China is moving to completely sever mainland investors' access to overseas stock markets through popular online brokers, setting a 2-year deadline for firms to exit the business.
China is moving to completely sever mainland investors' access to overseas stock markets through popular online brokers, setting a 2-year deadline for firms to exit the business.

Eight Chinese government bodies, led by the securities regulator, have jointly rolled out a comprehensive plan to eradicate illegal cross-border brokerage activities, giving firms a 2-year window to wind down services for existing mainland clients and effectively closing a key channel for outbound capital investment.
"Overseas institutions operating without approval...constitute illegal business activities," the China Securities Regulatory Commission (CSRC) said in a Q&A accompanying the plan, reinforcing its 2022 stance and expanding the scope of the crackdown.
The new rules prohibit brokers from offering any buy-side services or accepting new fund inflows from mainland clients during the 2-year transition. Investors will only be permitted to sell existing holdings and withdraw funds. The plan targets not only the offshore brokers but also their domestic affiliates, internet platforms providing access, and social media accounts promoting the services.
The move is a direct blow to the business models of Nasdaq-listed brokers like Futu Holdings and UP Fintech Holding, known as Tiger Brokers, which built significant client bases by serving mainland Chinese investors.

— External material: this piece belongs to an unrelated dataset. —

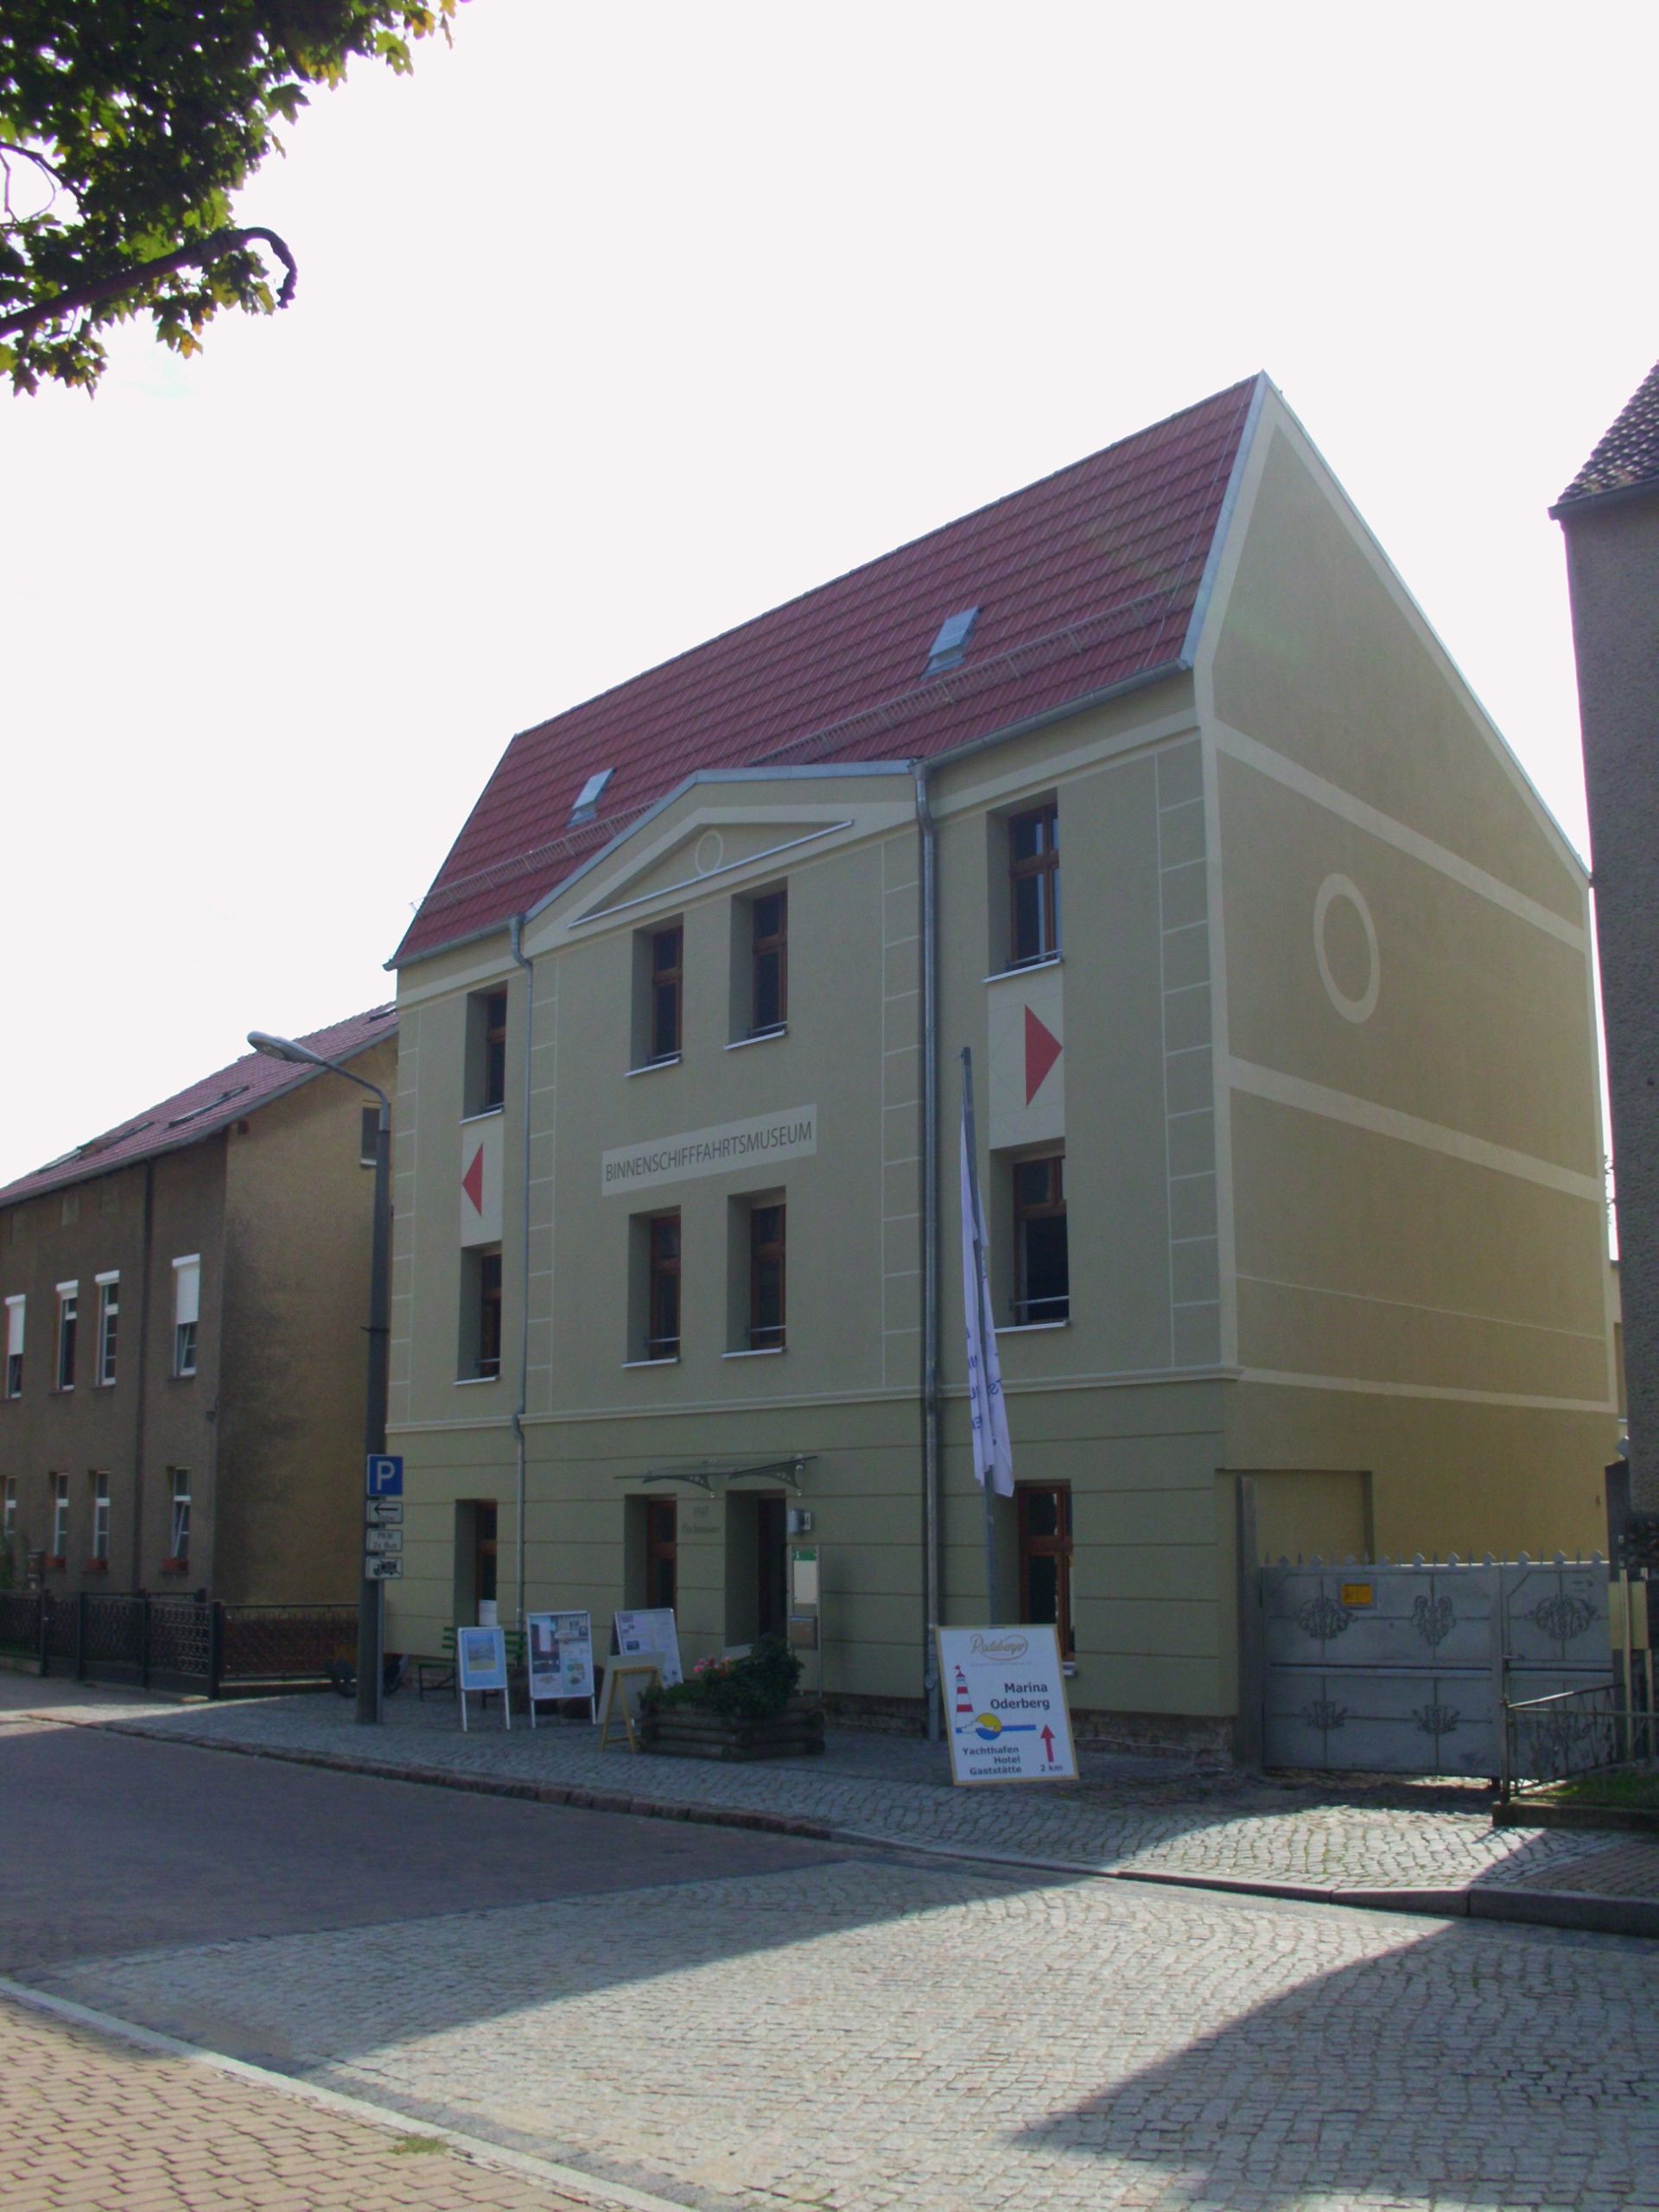 Binnenschifffahrtsmuseum Oderberg

The phased-in ban signals Beijing's determination to tighten capital controls and steer domestic savings into approved channels like the Stock Connect program, with the 2-year grace period intended to prevent market shocks.
The plan outlines a multi-pronged enforcement strategy involving a significant portion of China's regulatory apparatus. The Cyberspace Administration of China is tasked with removing all related online marketing and app store listings. Concurrently, the Ministry of Industry and Information Technology will block the websites and server access for these platforms from within the mainland.
Furthermore, the State Administration of Foreign Exchange (SAFE) will increase scrutiny over foreign exchange remittances, instructing banks to strengthen compliance checks for outbound transfers related to securities investment. This coordinated effort aims to dismantle the entire operational chain of these brokerages within China, from client acquisition to trade execution and fund transfers.
In its announcement, the CSRC explicitly guided investors toward established, legal channels for overseas investment. These include the Qualified Domestic Institutional Investor (QDII) program, the cross-boundary Wealth Management Connect, and the Stock Connect schemes linking mainland exchanges with Hong Kong.
This latest move formalizes and escalates a regulatory campaign that began in late 2022, when the CSRC first declared the cross-border brokerage business "illegal." That initial warning sent shares of Futu and Tiger Brokers plunging and forced them to stop accepting new mainland clients, but the status of existing clients remained a grey area. The new 2-year deadline removes all ambiguity, setting a firm end date for a once-thriving business that provided millions of Chinese investors with a gateway to global markets.
This article is for informational purposes only and does not constitute investment advice.